ECLI:NL:RBDHA:2023:22335

Rechtbank Den Haag

Datum uitspraak
15 november 2023
Publicatiedatum
19 maart 2025
Zaaknummer
NL23.19778
Instantie
Rechtbank Den Haag
Type
Uitspraak
Rechtsgebied
Bestuursrecht
Procedures
  • Voorlopige voorziening
Vindplaatsen
  • Rechtspraak.nl
AI samenvatting door LexboostAutomatisch gegenereerd

Verzoek om voorlopige voorziening in bestuursrechtelijke zaak betreffende uitstel van vertrek en medische zorg in land van herkomst

In deze uitspraak van de Rechtbank Den Haag op 15 november 2023, beoordeelt de voorzieningenrechter het verzoek om een voorlopige voorziening van een verzoeker met de Ghanese nationaliteit.
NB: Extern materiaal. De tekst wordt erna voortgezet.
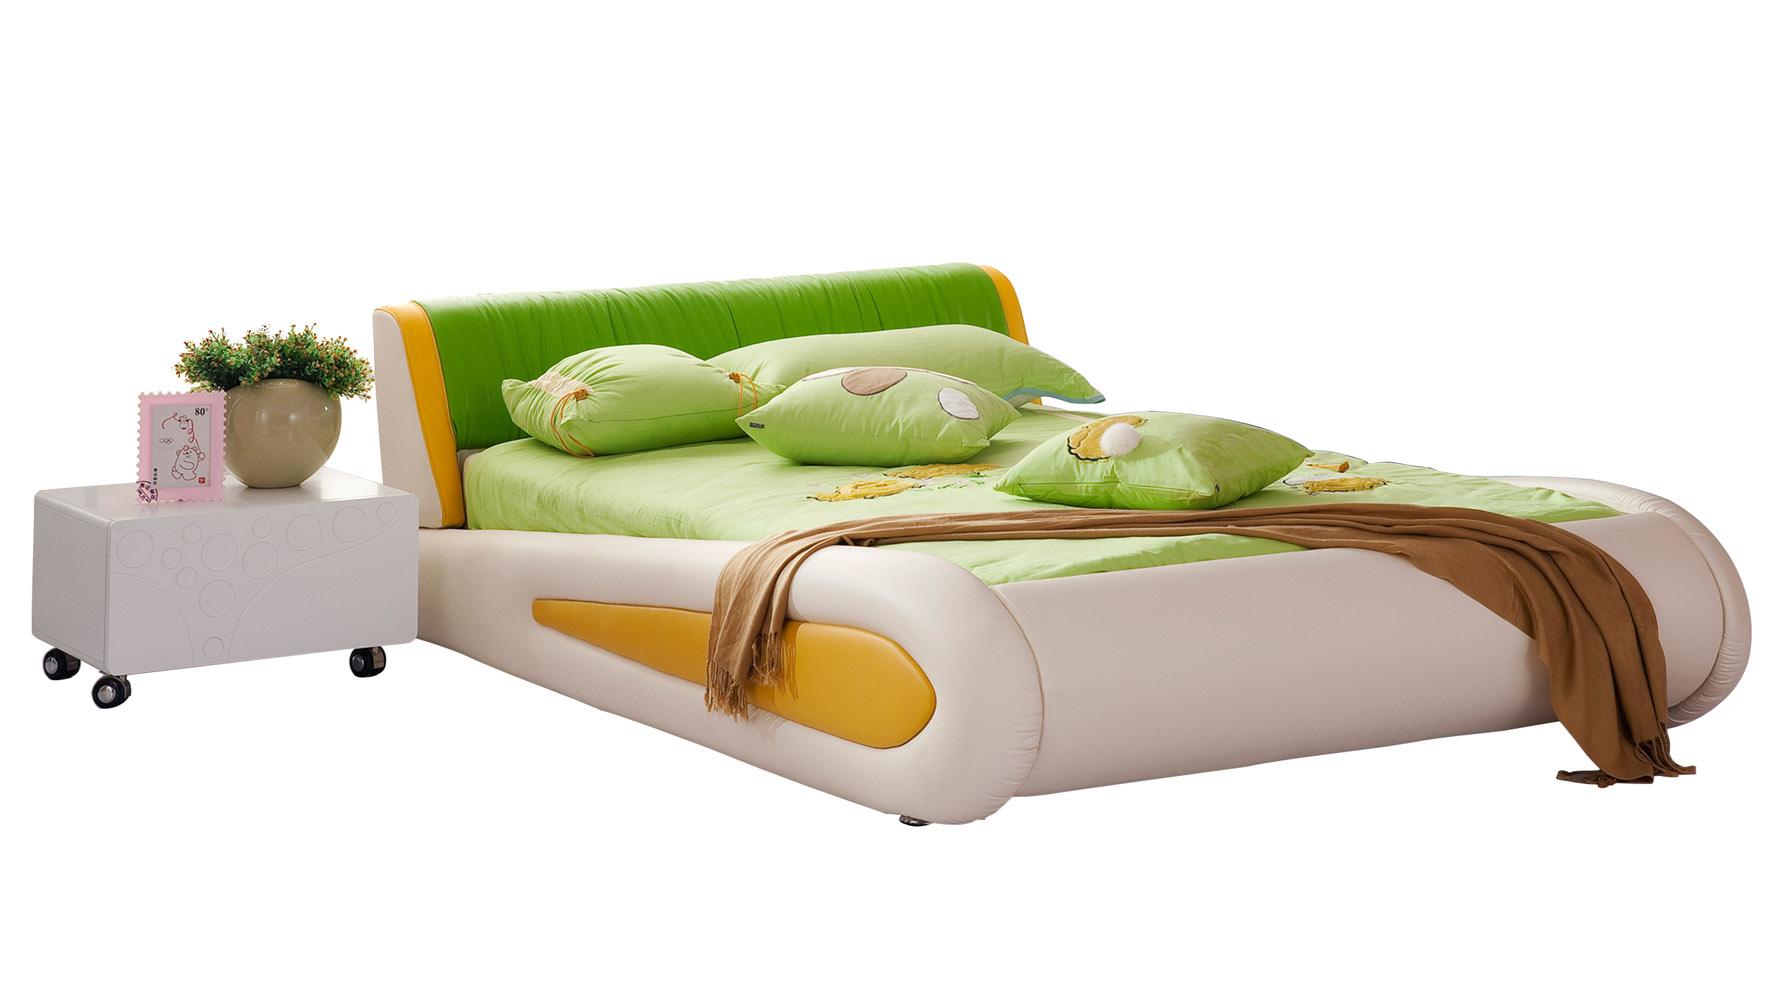 Green Leather Kermit Kids Frog Bed Zuri Furniture : kermitgreenleatherkidsfrogbed 2 from www.zurifurniture.com size 1778 x 1000 jpeg 182kB
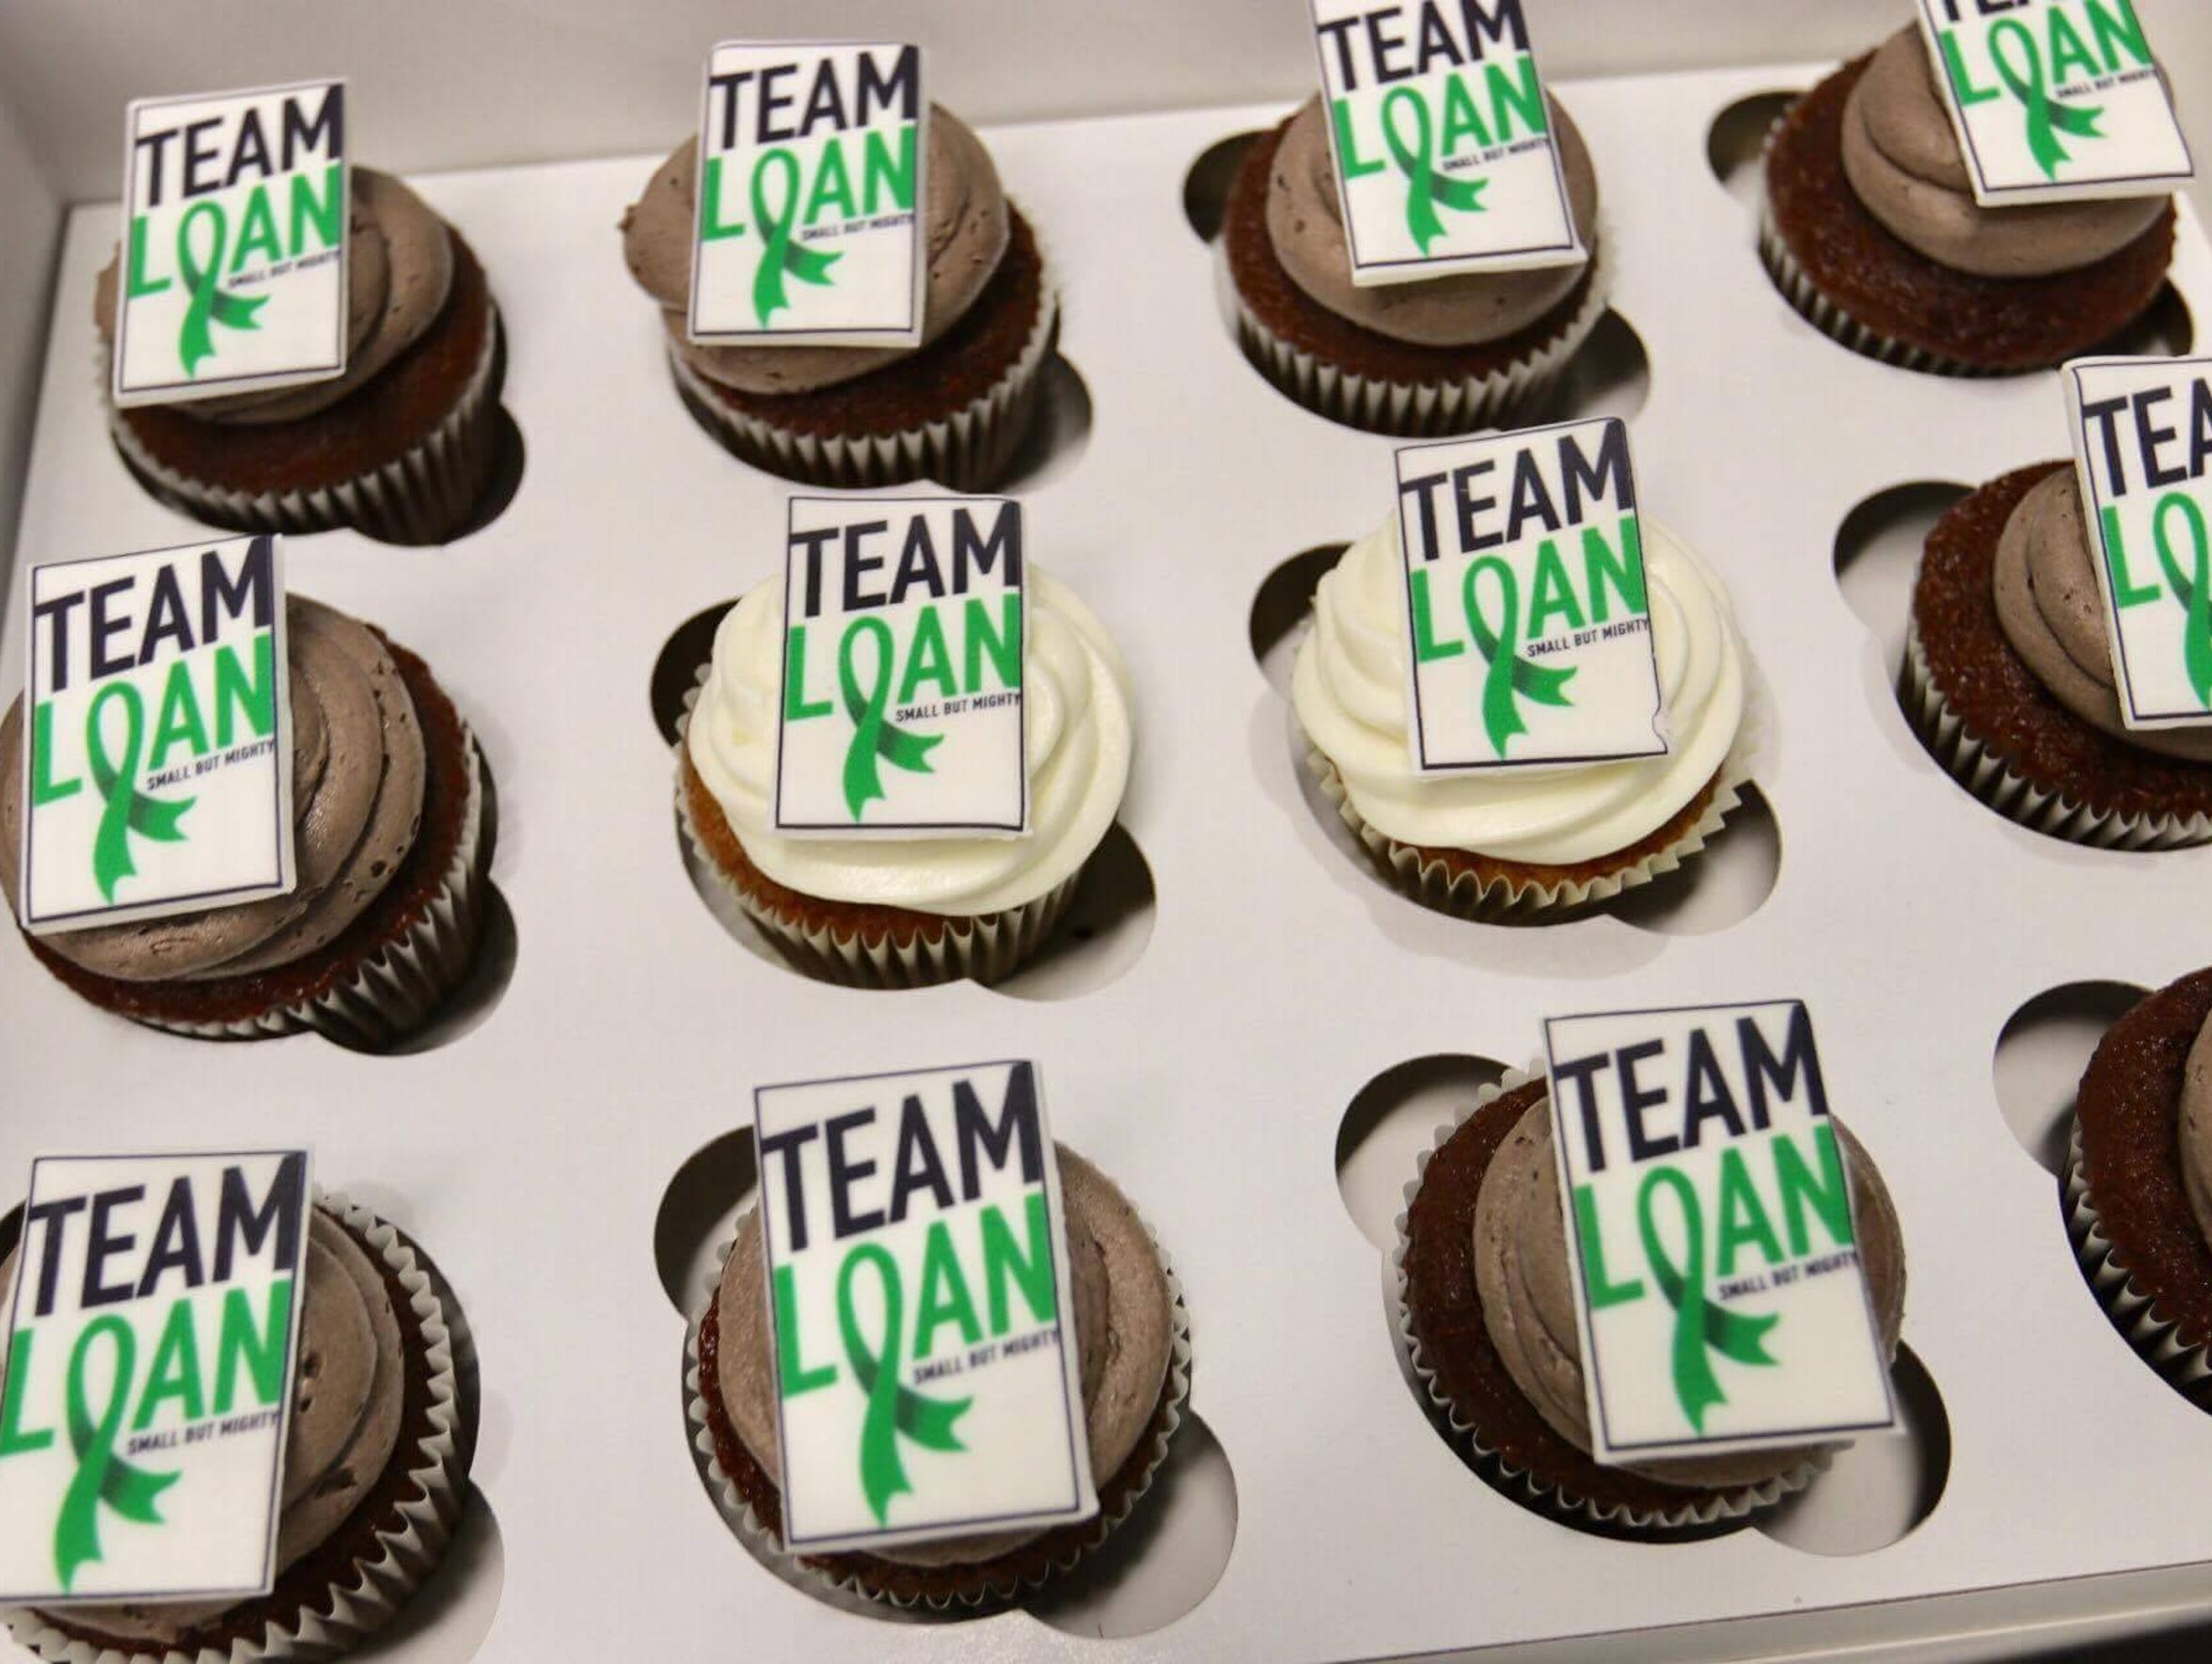 """Team Loan"" has grown tremendously."

De verzoeker had een aanvraag ingediend voor uitstel van vertrek op grond van artikel 64 van de Vreemdelingenwet 2000, welke door de staatssecretaris van Justitie en Veiligheid was afgewezen. De voorzieningenrechter oordeelt dat er een spoedeisend belang is bij het verzoek, omdat de verzoeker niet kan worden gezegd dat zijn bezwaar geen redelijke kans van slagen heeft. De voorzieningenrechter wijst erop dat de medische behandelingen in Ghana mogelijk niet voldoende toegankelijk zijn voor de verzoeker, die al 33 jaar in Nederland verblijft en een zeer zwakke gezondheid heeft. De rechtbank concludeert dat de rechtsgevolgen van het bestreden besluit worden opgeschort en dat de verzoeker recht heeft op een proceskostenvergoeding van € 1.674,-.

Uitspraak

RECHTBANK DEN HAAG
Bestuursrecht
zaaknummers: NL23.19778
proces-verbaal van de mondelinge uitspraak van 15 november 2023 in de voorlopige voorzieningszaak tussen

[verzoeker] , V-nummer: [v-nummer] , verzoeker

(gemachtigde: mr. A.A. van Harmelen),
en

de staatssecretaris van Justitie en Veiligheid, verweerder

(gemachtigde: mr. K. Kana).

Inleiding

1. In deze uitspraak beoordeelt de voorzieningenrechter het verzoek om een voorlopige voorziening met betrekking tot de afwijzing van de aanvraag om uitstel van vertrek op grond van artikel 64 van de Vreemdelingenwet 2000 (Vw).
1.1.
Bij het besluit van 6 juli 2023 heeft verweerder de aanvraag van verzoeker afgewezen. Verzoeker heeft tegen dit besluit bezwaar gemaakt en heeft de voorzieningenrechter verzocht om een voorlopige voorziening te treffen.
1.2.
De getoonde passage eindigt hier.